Beliefs in evildoers, especially witches and sorcerers, are widespread. These evildoers bring harm to their rivals by mystical means, an expression of the traditionally small-scale, personal organization of local societies: harm comes from kin and neighbors who are in disagreement or are having a dispute, rather than from distant impersonal forces.

Both Christianity and Islam have long histories in Africa, Christianity was introduced to Ethiopia as early as the fourth century, but in most of the continent, it was spread by European evangelization, beginning with the Portuguese on the western African coast and in the kingdom of Kongo in the fifteenth and sixteenth centuries, and also along the eastern African coast. Missionary enterprise did not reach its peak until after the eighteenth century. During the twentieth century, most conversion has been by African Christian prophets and other local leaders. Islam was taken to the northern and eastern African coasts in the seventh and tenth centuries, respectively, and was carried southward into the Sudan and throughout the western African savanna zone after the eleventh century, largely by Islamic traders and brotherhoods and occasionally through a jihad, or "holy war."
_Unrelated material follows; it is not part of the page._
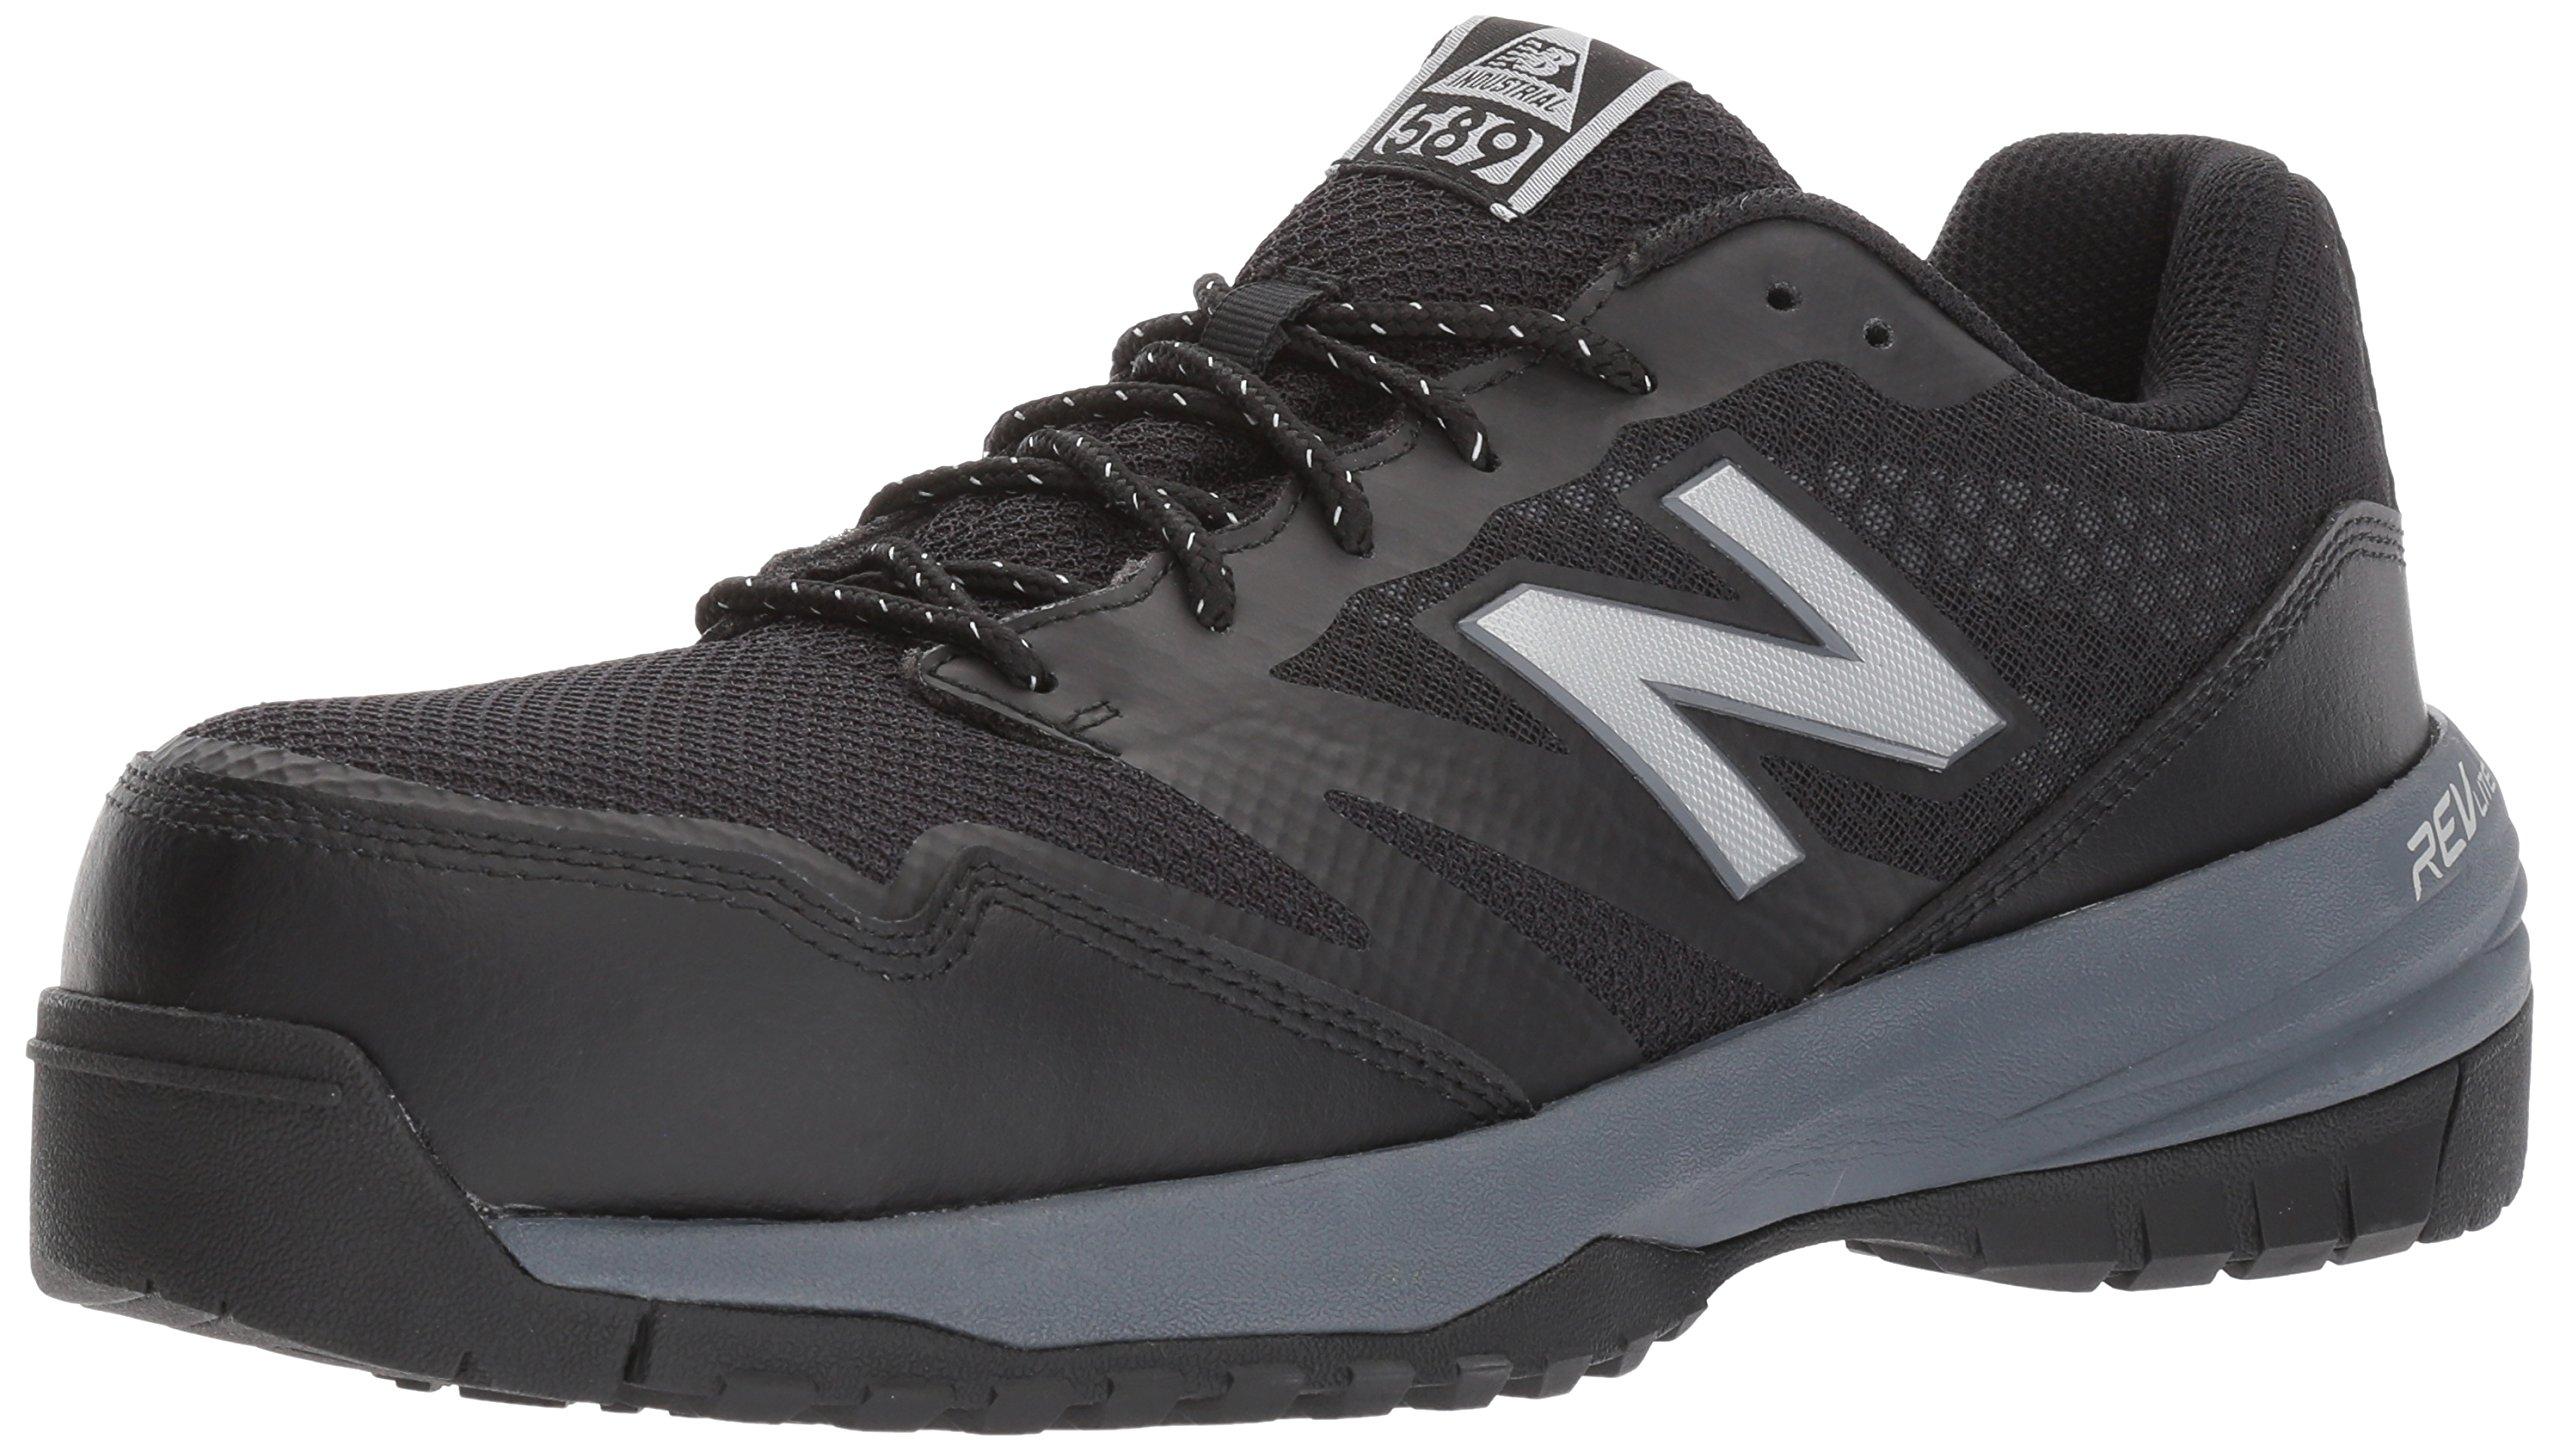 New Balance Men's 589V1 Work Training Shoe, Black/Grey, 10.5 4E US

Africa today has a higher rate of conversion to Christianity than does any other continent; Islam is also widespread. One cause of this high rate of conversion is the steadily widening gap, throughout the continent, between the most wealthy and the most impoverished, with a concomitant decline in the importance of local deities and mystical forces. Education is another important factor, especially where vernacular translations of the Bible have been made available. Anti-European sentiment has undoubtedly fed Africans' wishes to form purely African religious congregations, with their own local leaders, ut it would be a mistake to suggest that local people see the various religions that are open to them in strictly either-or terms. Most people, in Africa as elsewhere, may assent to more than one religion and turn to whichever one would appear to be the more likely to bring good health, success, certainty, and happiness in any specific situation.